11В мозгу большой скалы, съежившись, сидел Скирон, и — свершилось нечто невероятное, — вместо того, чтоб привычно погрузиться здесь в раздумья, он уснул. А еще до того, как вскарабкаться сюда, он, размышляя о том, что теперь-де его больше ничем не поразишь, что ко всему он уже притерпелся, вдруг рухнул ничком на теплую грудь Гелиоса и стал яростно царапать ногтями землю от отчаяния, что любви не было. Нет! — не мог он с этим смириться. И вдруг порывисто вскинул голову: подле него стоял журавль; опершись всей тяжестью на одну тонкую ногу, вторую он вытянул в сторону пещеры: «Заходи».

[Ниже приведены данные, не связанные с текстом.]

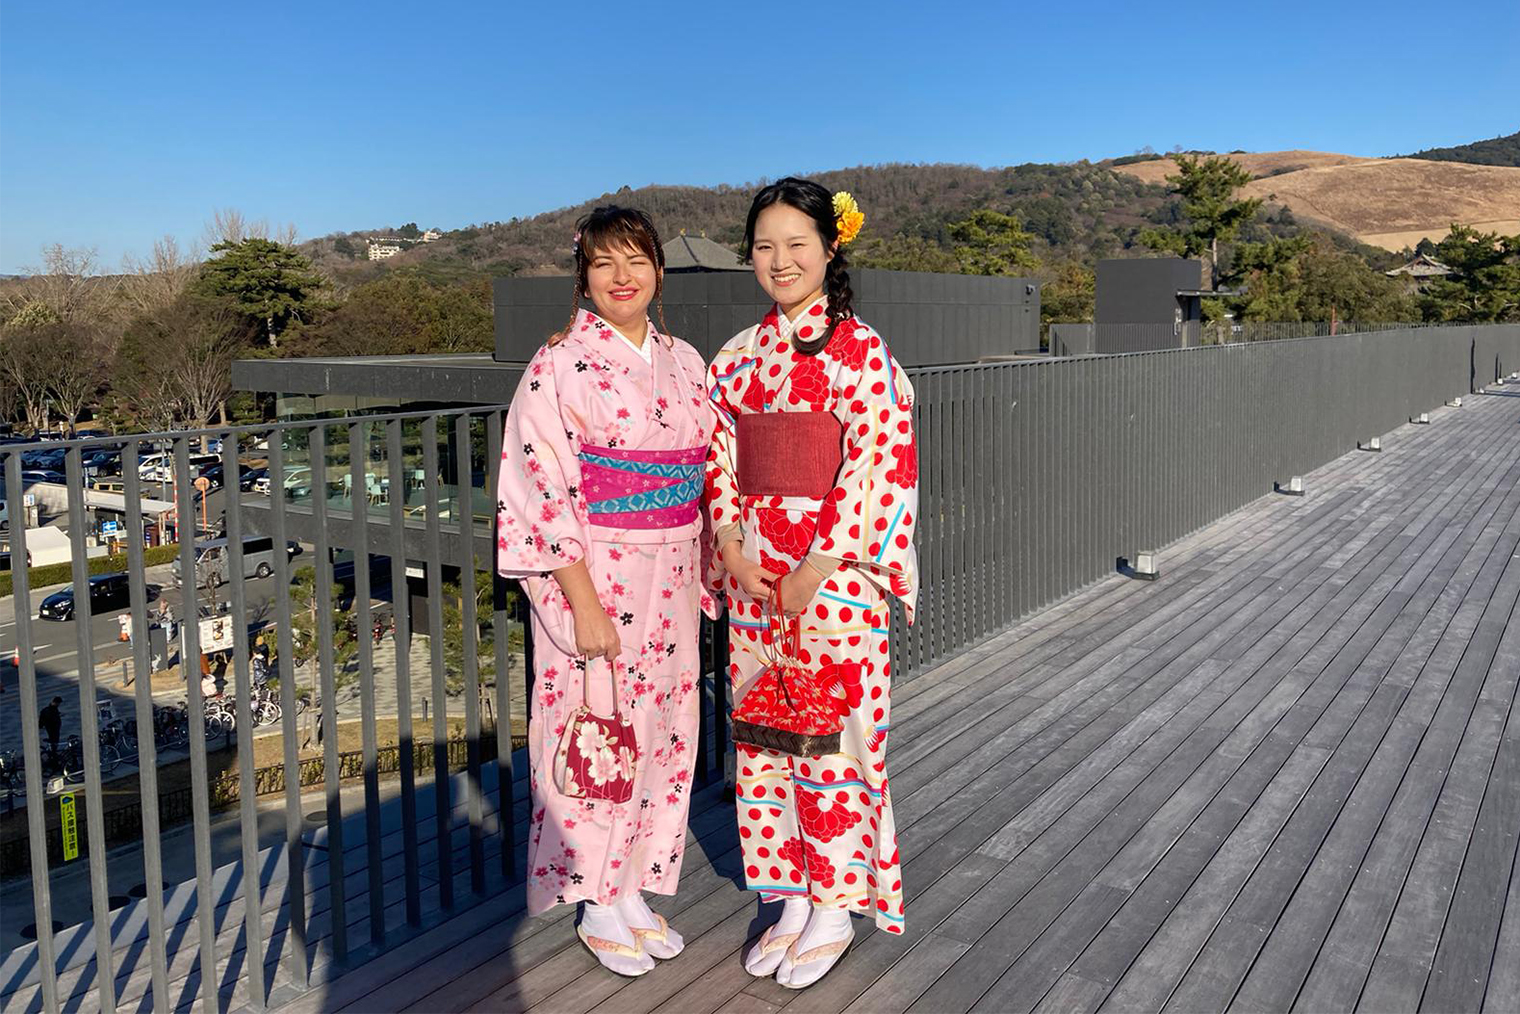 Прогулка по парку в Наре в традиционных кимоно

«Зачем?» — подивился Скирон.
Журавль, неистово захлопав крыльями, упрямо повторил: «Иди, иди, заходи, говорю!»
Только он шагнул в пещеру, как журавль стремительно налетел на него со спины и, затрепыхав мощными крыльями, стал нетерпеливо подгонять его вперед, помогая себе даже клювом: «Туда, туда иди, вглубь...»
Подчинившись в растерянности воле вестника, Скирон, с мукой, раздирая в кровь тело, протиснулся вверх, умостился, скрючившись в мозгу большой скалы и уже собрался предаться раздумьям, когда его внезапно объял своими таинственными синешепчущими руками Гипнос.
Любовь то была или что, только ему грезилось нечто благостное: окутанный бледным многоцветьем, он парил в каком-то незнакомом просторном помещении, где — то ли в облаке, то ли в клубящемся тумане — мерцали там-сям фиолетовые и красные крохотные светочи, даровавшие некую, замешанную на боли, усладу. Кругом устоялась беспредельная чистота, и только сам он был весь облеплен комьями грязи, от которой ему предстояло очиститься. Воды дано ему было слишком мало, и он, чтоб получше отмыться, яростно соскребал с себя присохшую грязь, но вместе с нею пластами сходила кожа. Кто-то неусыпно наблюдал за ним сверху, и когда этот Кто-то наложил на него издали свежую глину, его охватила такая блаженная отрада, что он замер, затаив дыхание. И тут до него; донеслось:
— Не выходи!
— Что...
— Не выходи, говорю!
Это, оказывается, вещий журавль предостерегал его снаружи. Советов вестника Скирон всегда слушался, но запрета...
С трудом овладев расслабленным телом, Скирон, все еще пребывавший в том блаженном сне, не ощущая царапин, протиснулся вниз, миновал на заплетающихся ногах пещеру и тут, вздрогнув, внезапно остановился как вкопанный: на самом пороге пещеры высился бледноликий Танатос — только-только вступивший в пору мужества вечный юноша, с едва пробивающимся пушком на подбородке, в просторном черном облачении, окутывавшем его с головы до ног и спадавшем тяжелыми чуть колышущимися складками, с погасшим светильником в высоко воздетой руке; железное сердце его свисало на грудь снаружи. И был он безмерно прекрасен? — врагу бы нашему...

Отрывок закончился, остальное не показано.